What the prompt says the model should optimize.

2. Assistant policy

Helpfulness, politeness, harmlessness, compromise norms.

3. Representation effects

Dollars, points, percentages, resources, moral framing.

4. Post-hoc explanation

The reason given after the choice may not reflect the mechanism that produced it.

3 / Utility

Ordinal vs cardinal utility, in one clean distinction.

Ordinal utility cares about order: A is preferred to B, B to C. Cardinal utility cares about intensity or scale: not just that A is better than B, but how much better.

Ordinal: U(A) > U(B) is meaningful.    Cardinal: U(A) - U(B) also matters.

For a language model, the hard question is not whether it can talk about expected value. It is whether its choices actually move in a stable way when payoff gaps widen, formats change, or incentives are restated.

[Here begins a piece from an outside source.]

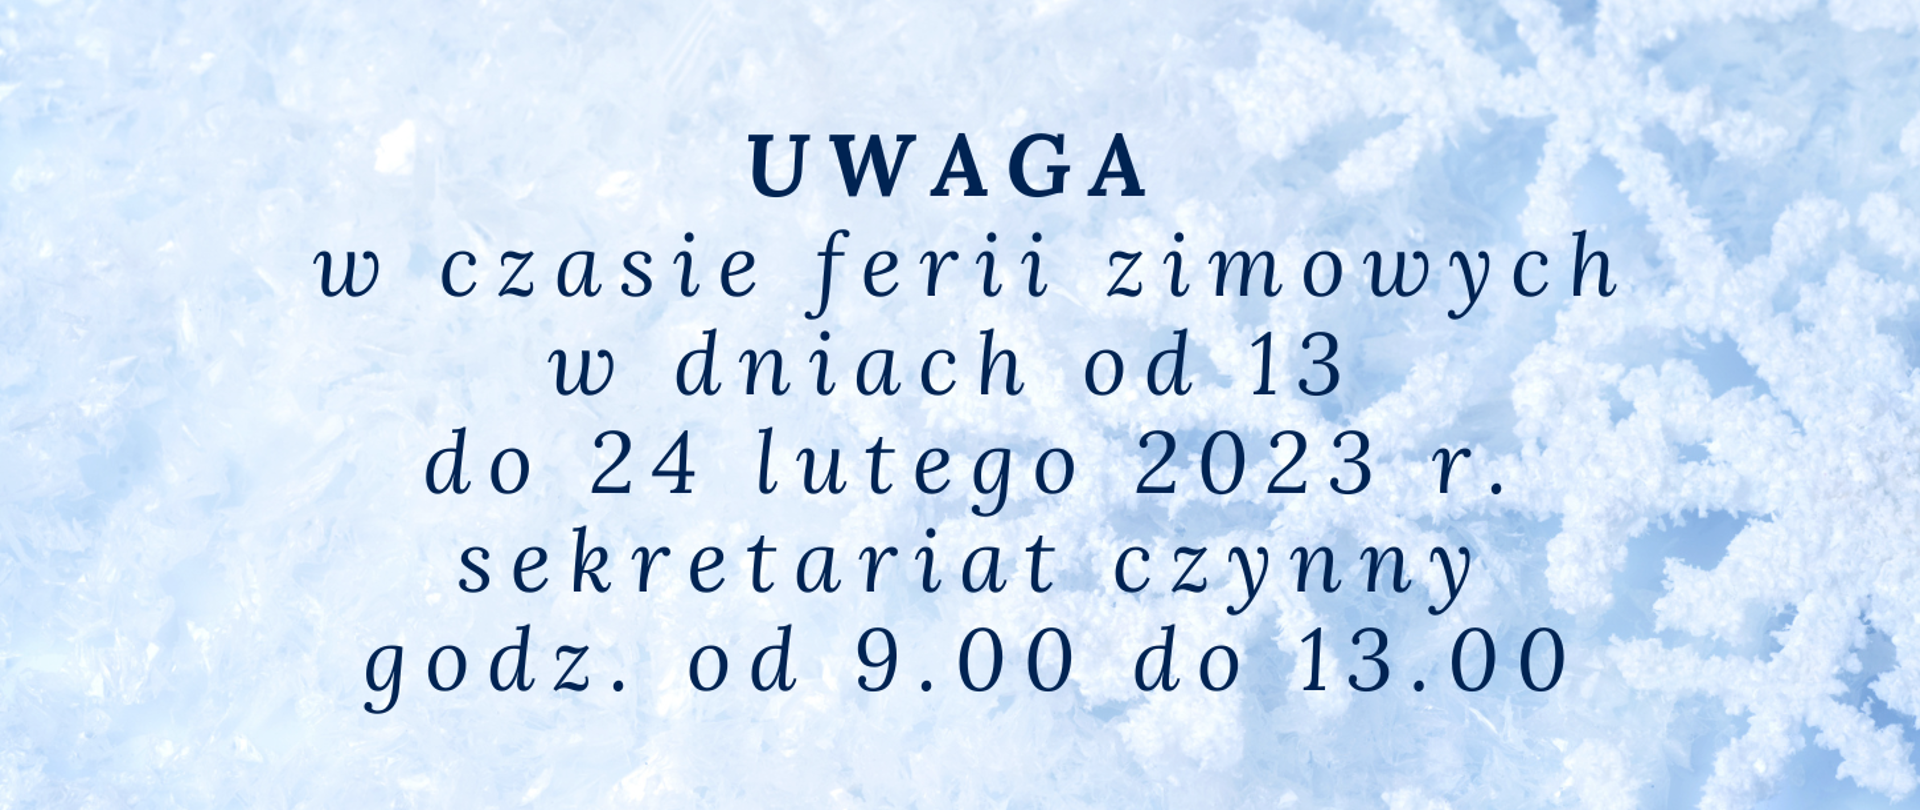 Grafika płatków śniegu na jasnym biało-niebieskim tle z tekstem " UWAGA w czasie ferii zimowych w dniach od 13 do 24 lutego 2023 r. sekretariat czynny godz. od 09:00 do 13:00.
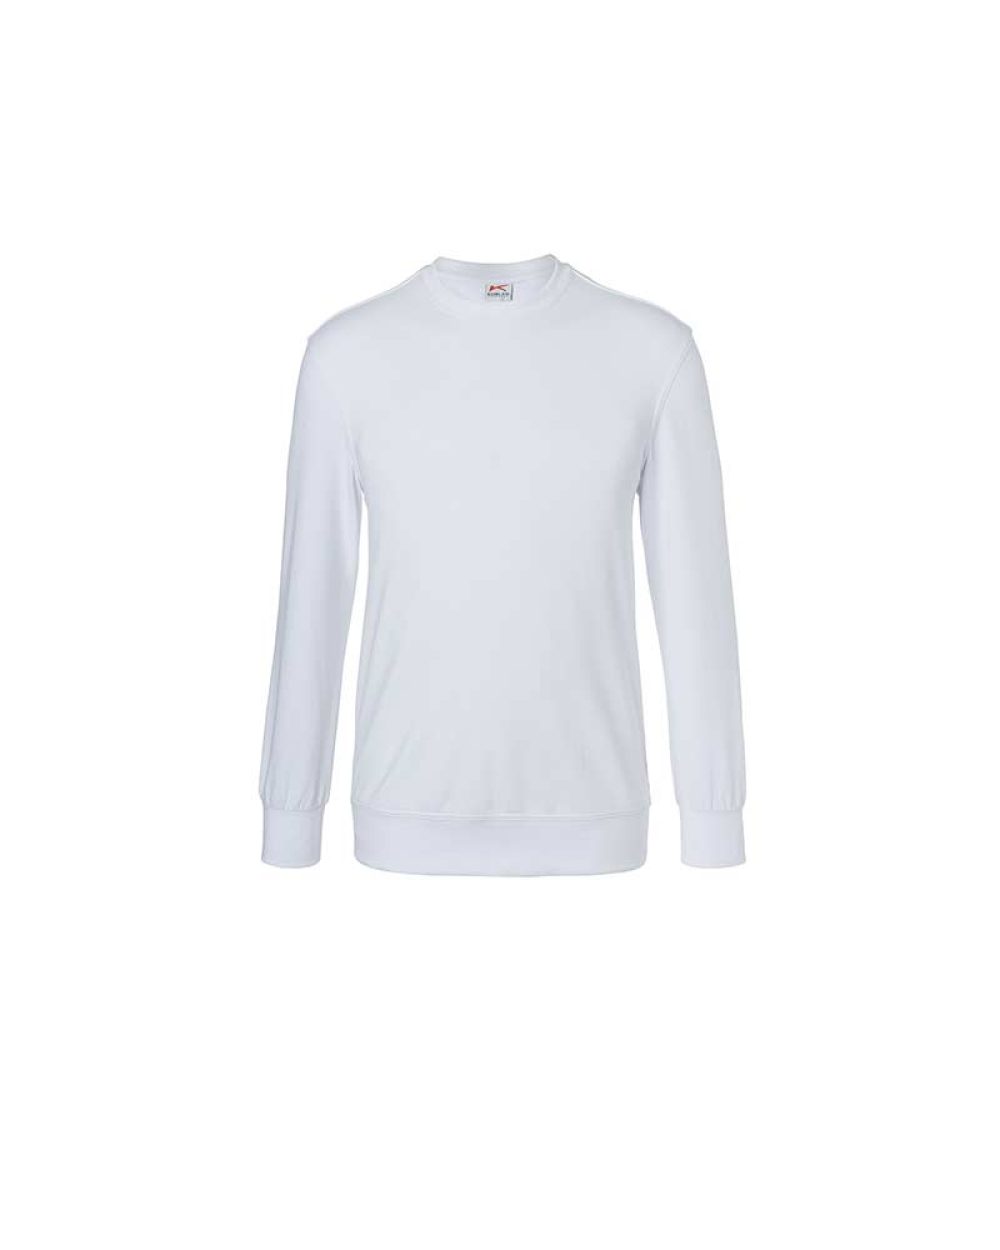 kuebler-sweatshirt-shirts-5023-6330-10

Question Weak evidence Stronger evidence
Does the model know which option is better? One correct explanation Stable choices across paraphrases and order swaps
Does payoff scale matter? Verbose expected-value rhetoric Behavior shifts when gaps widen materially
Does the model negotiate strategically? Plausible transcript Efficiency gains under structured utility revelation
4 / Interactive

Payoff-gap sensitivity explorer

Illustrative prototype

Choice under uncertainty

Option A

EV(A)
0
EV(B)
0

This widget is intentionally explicit about the identification problem: the display shows what expected value says, while the “model choice” layer is a placeholder for empirical runs.

5 / Interactive

Negotiation changes when you reveal utilities.

Conceptual demo

Likely outcome profile

Agreement rate 68%
Efficiency Moderate
Convergence speed Medium
6 / Design

The actual experiment I want to run

Primary experiment

Decision under uncertainty with payoff-scale manipulations, representation swaps, and forced JSON outputs.

Critical controls

Randomized option order, table vs prose formatting, separate choice from explanation, repeat runs.

Secondary experiment

Negotiation with hidden utilities vs ordinal disclosure vs cardinal disclosure.

Main falsifier

If choices reliably track expected value across scale and formatting, the weak-cardinal-sensitivity thesis weakens.

7 / Reading list

Relevant papers and anchors

  • When Reasoning Models Hurt Behavioral Simulation: A Solver-Sampler Mismatch in Multi-Agent LLM Negotiation — useful distinction between strategic solving and behavioral sampling.
  • Large Language Models as Simulated Economic Agents: What Can We Learn from Homo Silicus? — important framing for economic simulation.
  • Strategic Interactions between Large Language Models-based Agents in Beauty Contests — evidence of shallow but analyzable strategic interaction.
  • Automated Social Science: Language Models as Scientist and Subjects — sign versus magnitude is a very relevant distinction here.
  • Simon, Kahneman, Rubinstein, Raiffa, Pruitt — the bounded-rationality and bargaining backbone.
8 / Next

What remains

  1. Run the real GPT experiments once API access is surfaced cleanly.
  2. Replace the placeholder interactive outputs with empirical plots.
  3. Tighten the narrative and cut anything that smells like overclaim.

If the best result is that identification is fragile, that is still a good post. Maybe a better one.